Kurz vor seinem 80. Geburtstag beweist er, dass er im Krabbenpulen noch so schnell ist wie zu seinen Anfängen auf Sylt. Nur wenige Sekunden braucht Jürgen Gosch, um ein Tierchen geschickt aus seinem Panzer zu drehen. «Das verlernt man nicht. Ich suche noch immer einen Herausforderer, der mich schlägt», sagt der Inhaber der nach ihm benannten Handels- und Restaurantkette. Vor seinem runden Geburtstag am 15. Mai erinnert sich der Sylter Promi-Gastronom an die ersten verkauften Aale aus dem Bauchladen und wilde Partynächte in seinem legendären Lister Fischlokal.

Der gelernte Maurer hatte mit seiner kleinen, aber später legendären «nördlichsten Fischbude» auf Sylt angefangen. Inzwischen betreibt der Unternehmer elf Lokale auf der bei Prominenten beliebten Nordseeinsel und hat 25 Niederlassungen auf dem deutschen Festland, ist Multimillionär, steht noch immer täglich im Laden und träumt davon, dort noch lange zu bleiben. 

Stillstand gibt es bei ihm nicht. «Man muss sich immer weiterentwickeln», sagt «Jünne» Gosch. Gerade lässt er das Obergeschoss seines Restaurants in List umbauen. «Das wollen wir ein bisschen vornehmer machen», sagt er. Prominente Gäste sollen im neuen «Jünnes Restaurant» ab Juli mit mehr Privatsphäre speisen können, ohne dabei von autogrammjagenden Fans unterbrochen zu werden.

Zu seinen Stammgästen zählen Fußballtrainer Jürgen Klopp und seine Frau, der ehemalige deutsche Fußballspieler Karl-Heinz «Kalle» Rummenigge, Schauspielerin Anja Schüte sowie der CDU-Politiker Peter Harry Carstensen. Auch Altbundeskanzler Gerhard Schröder und seine Frau Soyeon Schröder-Kim waren im vergangenen Jahr zu Gast.

Auf allen Partys tanzt Gosch heute aber nicht mehr: «Ich habe früher immer viel mitgetrunken, aber ich trinke das nicht mehr, das ist zu hart für mich. Mit 80 muss man mal aufhören.» Allerdings nur mit dem Alkohol. Sein Unternehmen abzugeben, daran denkt der deutsche «Fischkönig» nicht. Denn alt fühlt er sich nicht.

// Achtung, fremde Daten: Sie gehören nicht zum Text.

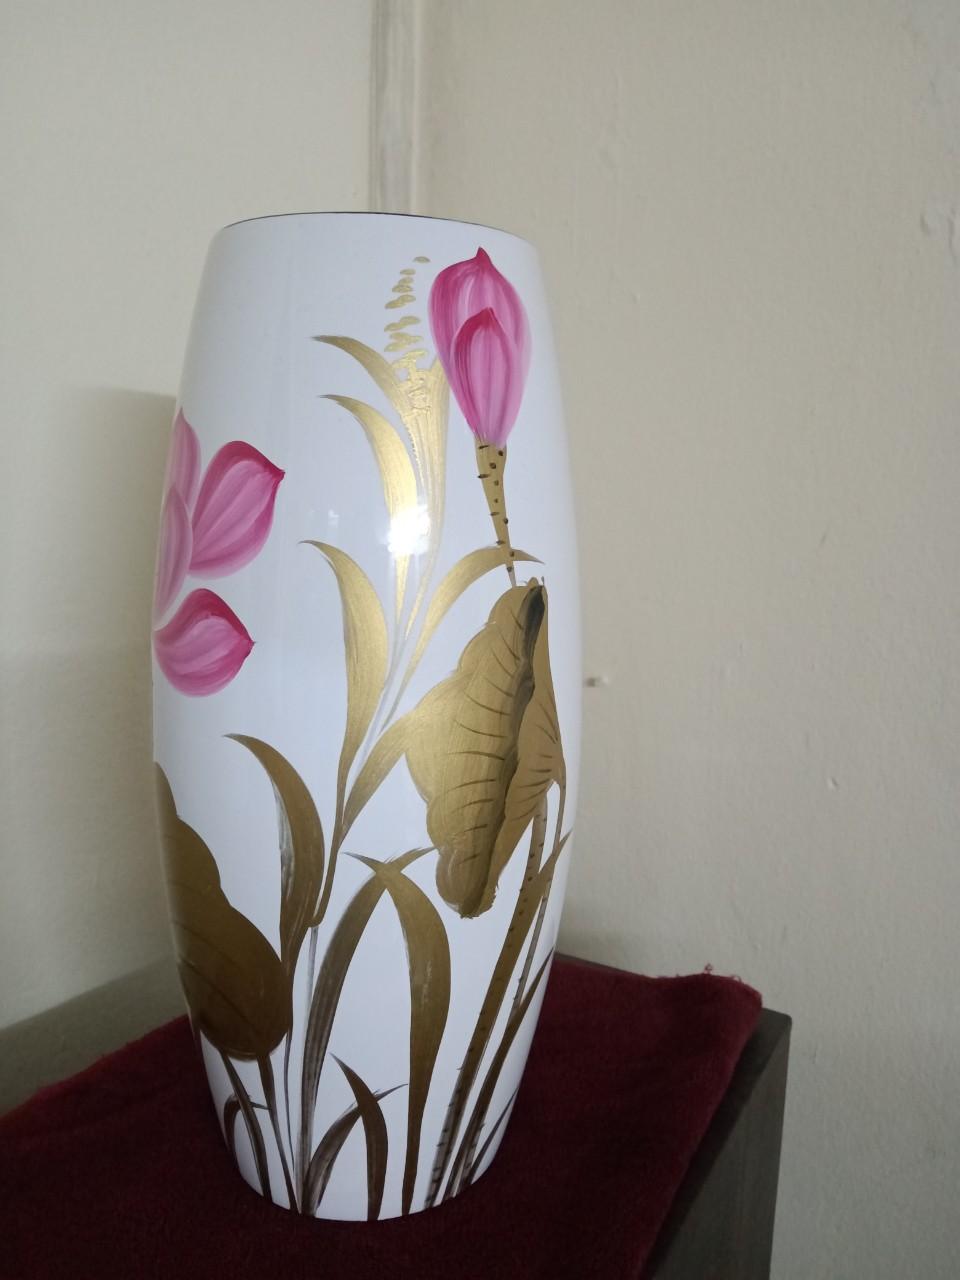 Lọ hoa vẽ sen gốm sứ Bát Tràng

Bereit steht aber seine Tochter Anja, die seit 2012 gemeinsam mit ihrem Mann die Läden in Westerland übernommen hat.

«Ich plane so, als wenn ich 50 Jahre alt bin. Ich werde überhaupt nicht nachlassen und planen. Der liebe Gott sagt ganz von allein, so mein lieber Junge, jetzt hörst du auf.» Er fürchtet die Einsamkeit: «Dann sitze ich nachher zu Hause, gucke Fernsehen und dann kommen da die Wiederholungen, und ich merke das gar nicht. Da wirst du tüdelig», sagt der Fischhändler, der auf Sylt in Braderup wohnt. Über das Alter denke er nicht nach. «Ich habe das große Glück, dass ich mitten im Betrieb bin und gar nicht dazu komme. Es ist das Schönste im Leben vom Alter abgelenkt zu werden», sagt er.

Zeit war sein ganzes Leben lang rar: Die gastronomische Karriere startete der während des Krieges auf dem Festland in Tönning (Nordfriesland) geborene Gosch Ende der sechziger Jahre auf Sylt. Schon als Kinder pulten er und seine zwei Schwestern, eine davon sein Zwilling, Krabben, um die Haushaltskasse der alleinerziehenden Mutter zu füllen. Am Hafen von List machte er Bekanntschaft mit Tönninger-Krabbenfischern und bemerkte eine Marktlücke: «Da kamen die Gäste an und fragten: Habt ihr auch Aale?» Die Fischer hatten keine und so startete Gosch damit, am Strand Aale aus einem Korb zu verhökern.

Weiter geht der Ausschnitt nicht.